Table 3. (Stirling numbers of the second kind) $$ \begin{array}{rrrrrrrrrrrrrrrr} 1\\ 1&1\\ 1&3&1\\ 1&7&6&1\\ 1&15&25&10&1\\ 1&31&90&65&15&1\\ 1&63&301&350&140&21&1\\ 1&127&966&1701&1050&266&28&1\\ 1&255&3025&7770&6951&2646&462&36&1\\ 1&511&9330&34105&42525&22827&5880&750&45&1\\ 1&1023&28501&145750&246730&179487&63987&11880&1155&55&1\\ 1&2047&86526&611501&1379400&1323652&627396&159027&22275&1705&66&1\\ \end{array} $$

We can also form the exponential generating series of the functions appearing in Table 2.

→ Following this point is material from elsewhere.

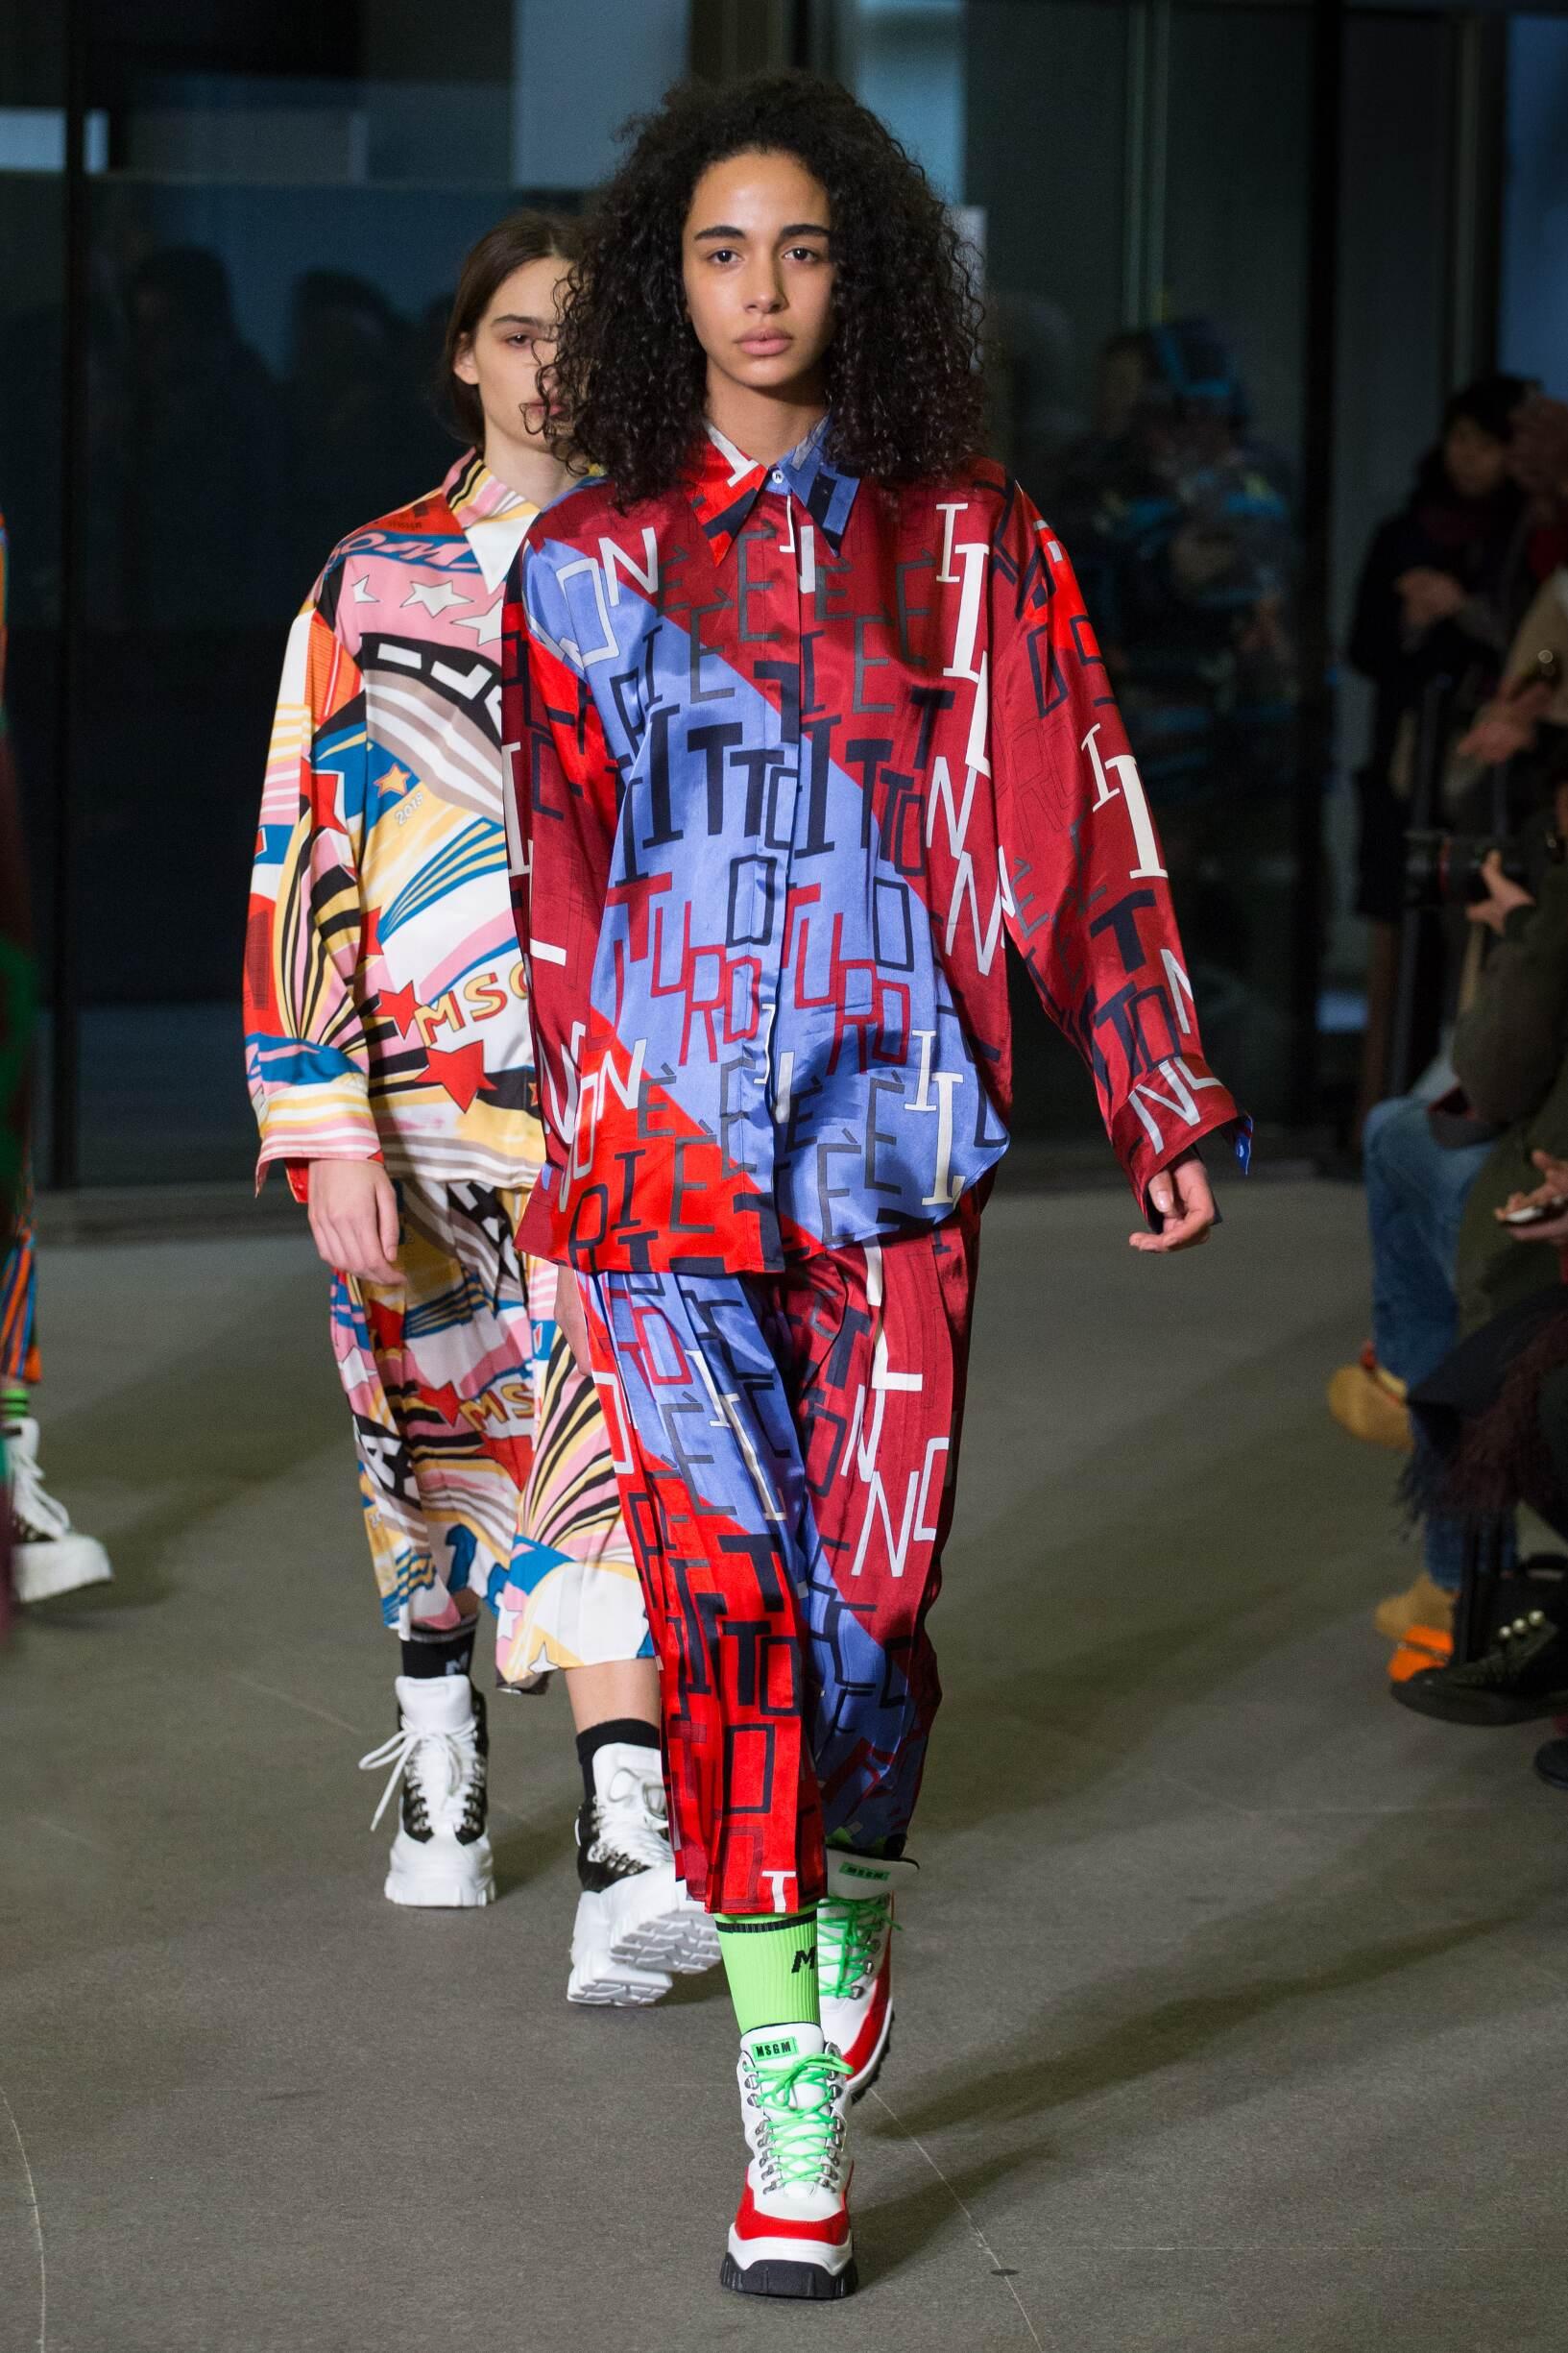 Woman FW 2018-19 Msgm Fashion Show Milan

  1. From the analysis of the text we have, $$ G(q;z) = \sum_{n\ge 0} \left(\sum_{k\ge 0} k! \left\{ n \atop k \right\} \frac{q^k}{(1-q)^{k+1}} \right)\, \frac{z^n}{n !} $$
  2. But the following computation gives a very simple expression for this function, \begin{align*} G(q;z) &= \sum_{n \ge 0} \left(\sum_{k\ge 0} k^n \, q^k \right)\, \frac{z^n}{n !} \\ &= \sum_{k \ge 0} q^k \sum_{n\ge 0} \frac{(kz)^n}{n!} \\ &= \sum_{k \ge 0} q^k e^{kz} \\ &= \sum_{k \ge 0} \left( q e^{z} \right)^k \\ &= \frac{1}{1-q \, e^z} \end{align*}

Samuel Vidal  posted 2012-05-21 02:38:35

Just a cool link on what we've discussed The Everything Seminar:A Silly Infinite Series .

Check the comment section where people suggested interesting developements too.